**Task instructions:** Taking the line with "Free Download Chicago" as the first and the last line of the listing as the final one, please copy exactly those lines and no others, without pictures.

*** Opening of The data ***

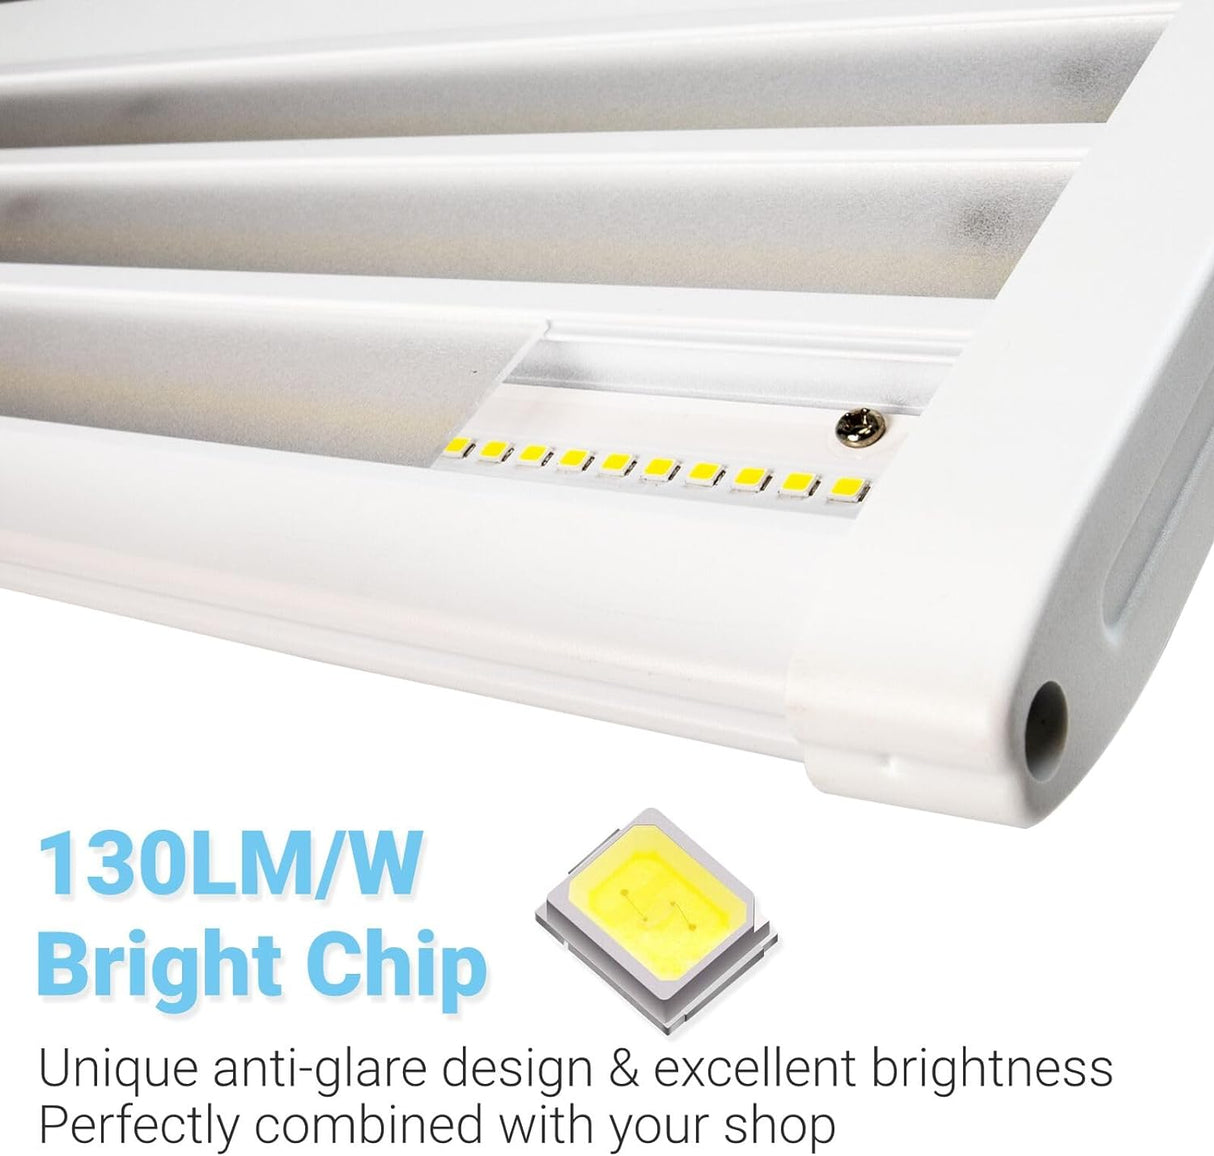 130lm/w bright chip high brightness shop lights
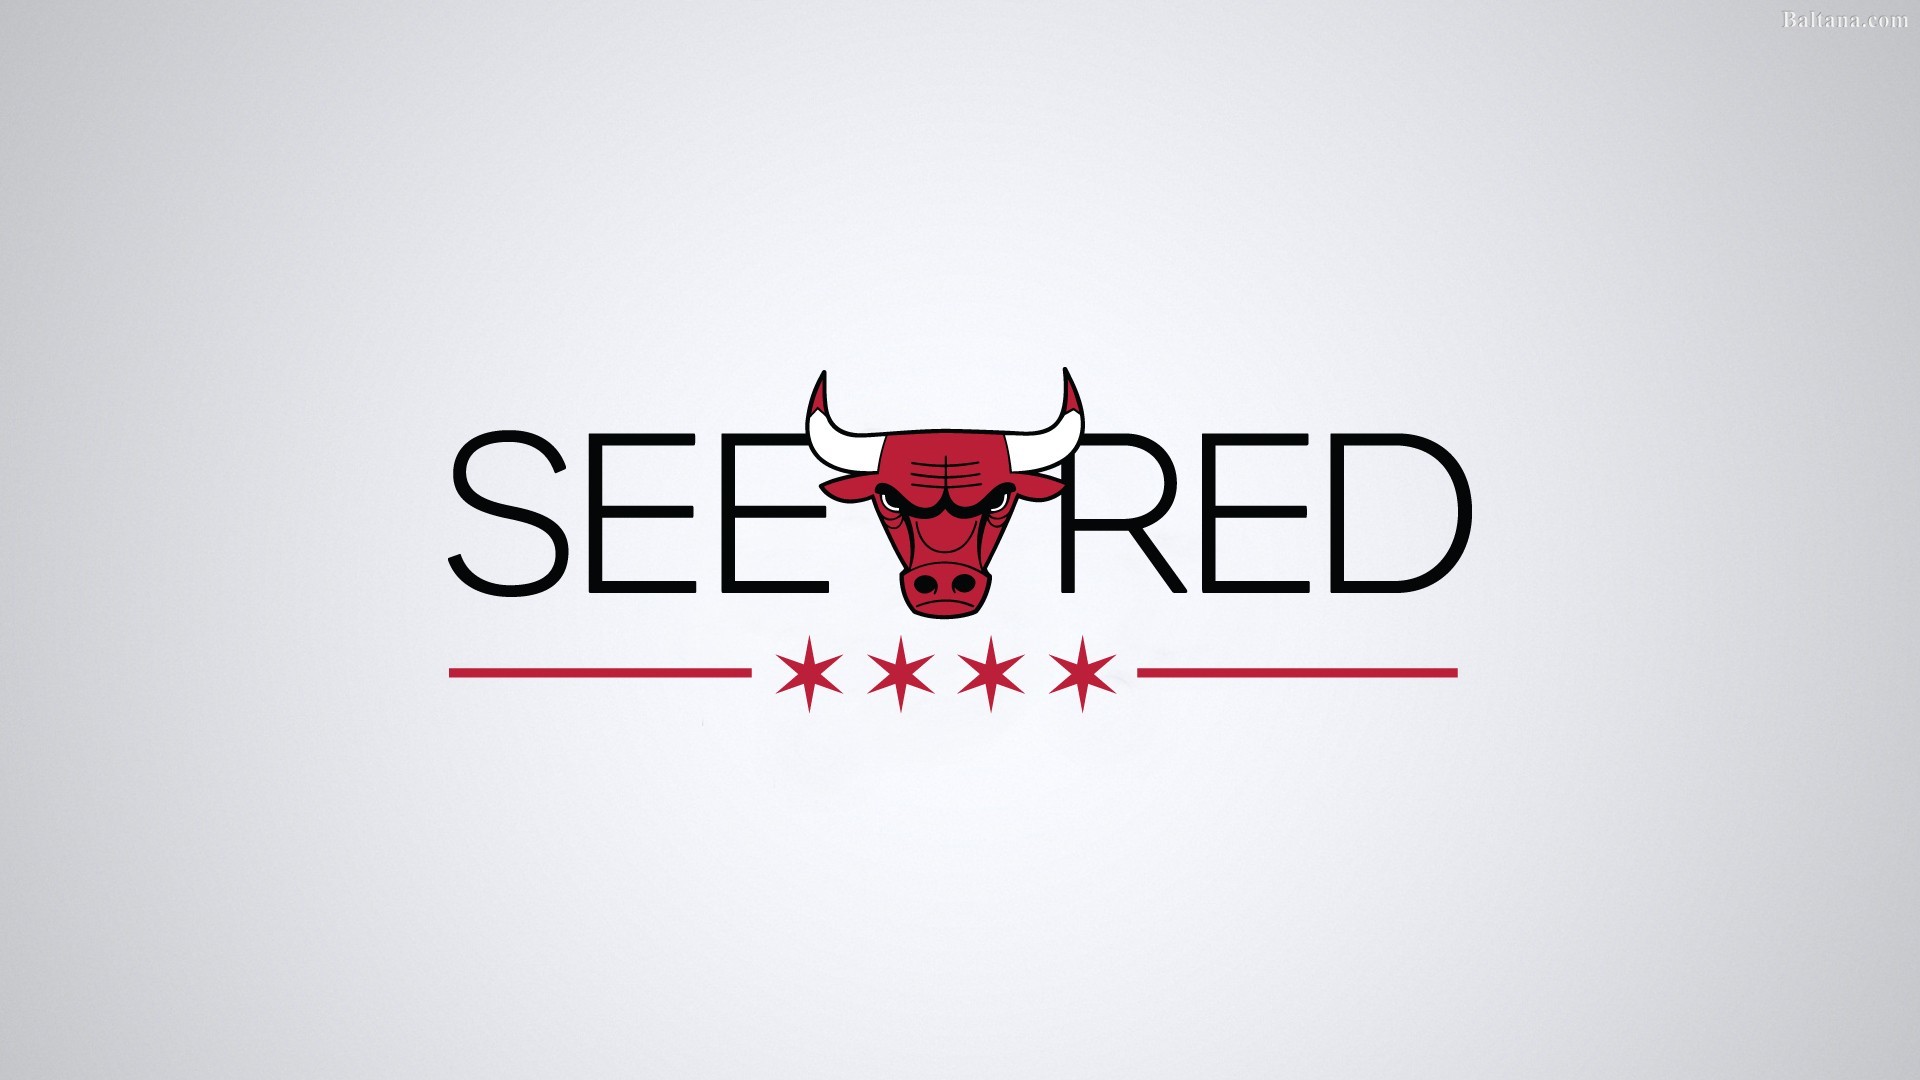 Free Download Chicago Bulls Wallpaper Hd 2017 - Chicago Bulls , HD Wallpaper & Backgrounds
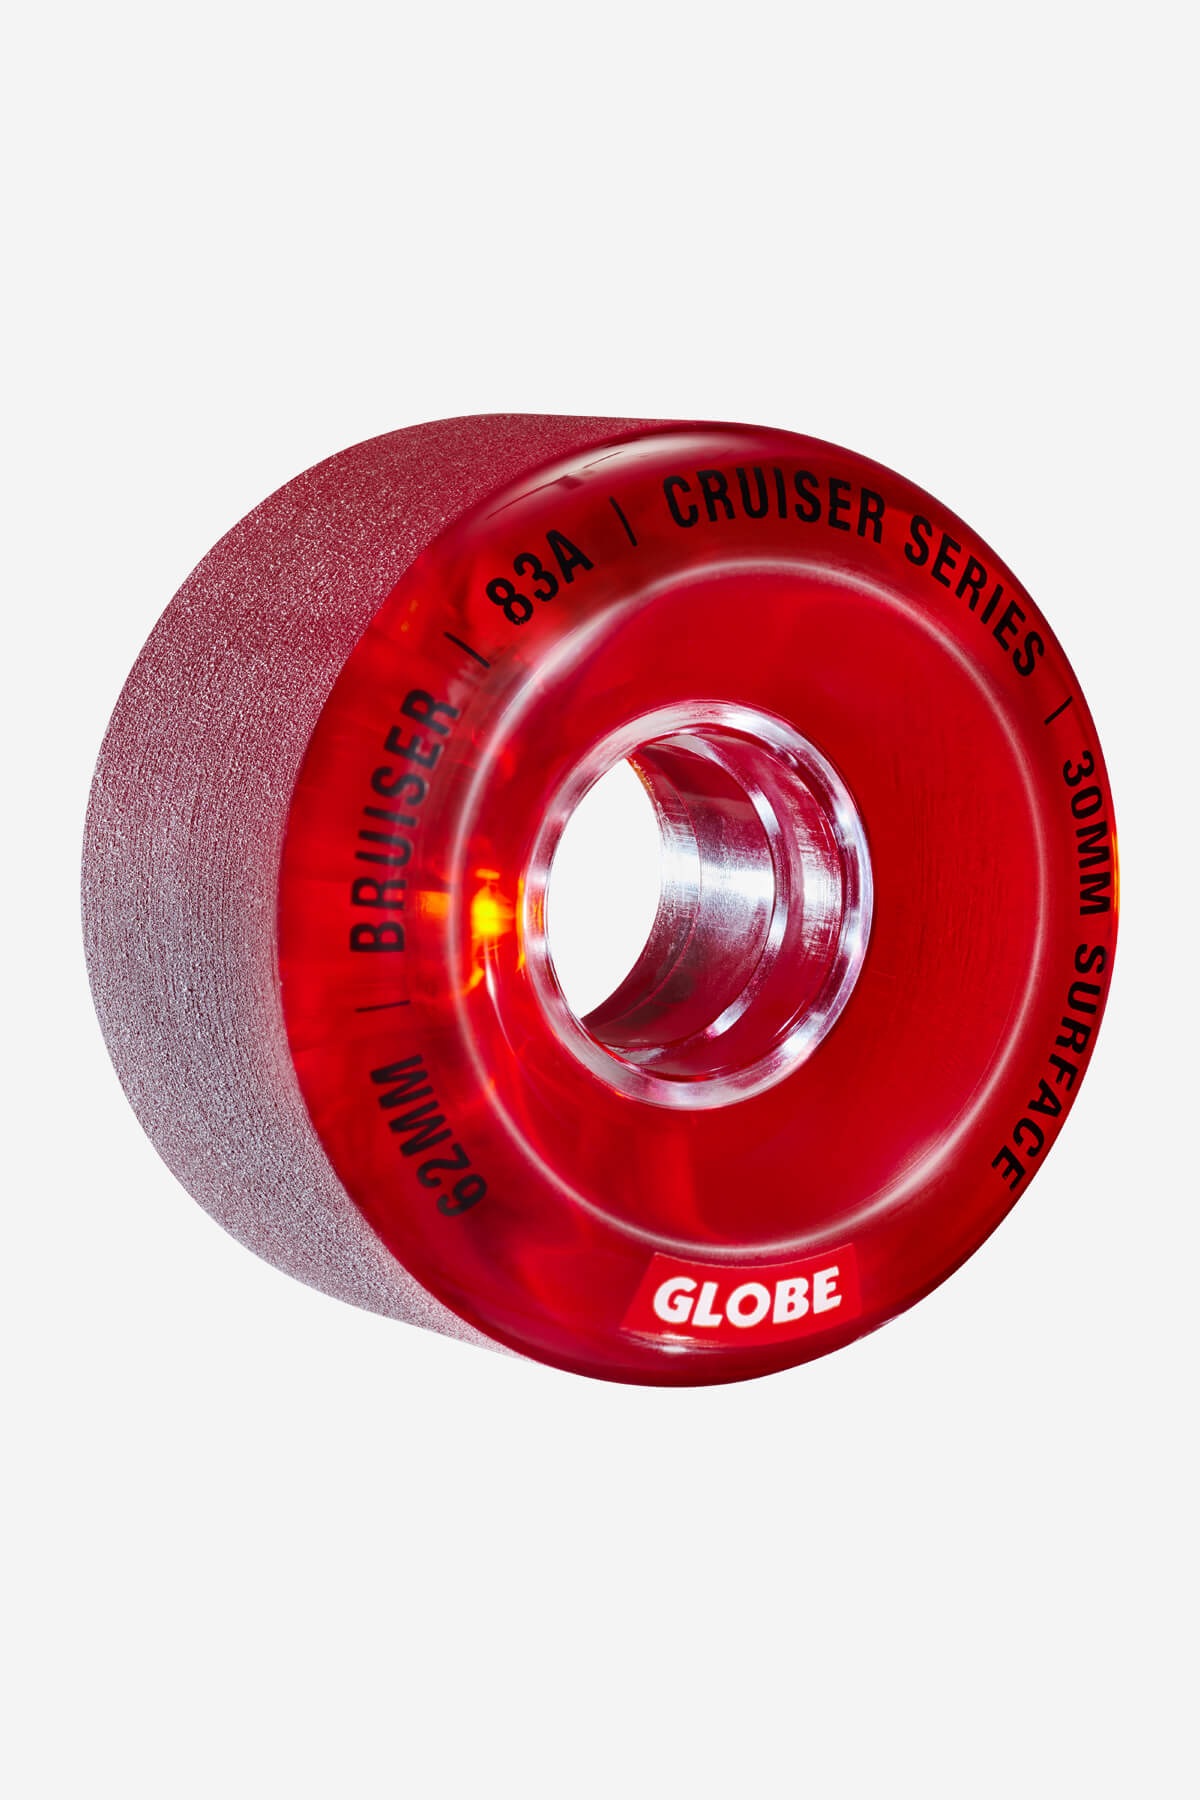 Globe Wheels Bruiser Cruiser Skateboard Wheel 62mm in Clear Red

*** Close of The data ***

**Exercise result:**
 Free Download Chicago Bulls Wallpaper Hd 2017 - Chicago Bulls , HD Wallpaper & Backgrounds
 Globe Wheels Bruiser Cruiser Skateboard Wheel 62mm in Clear Red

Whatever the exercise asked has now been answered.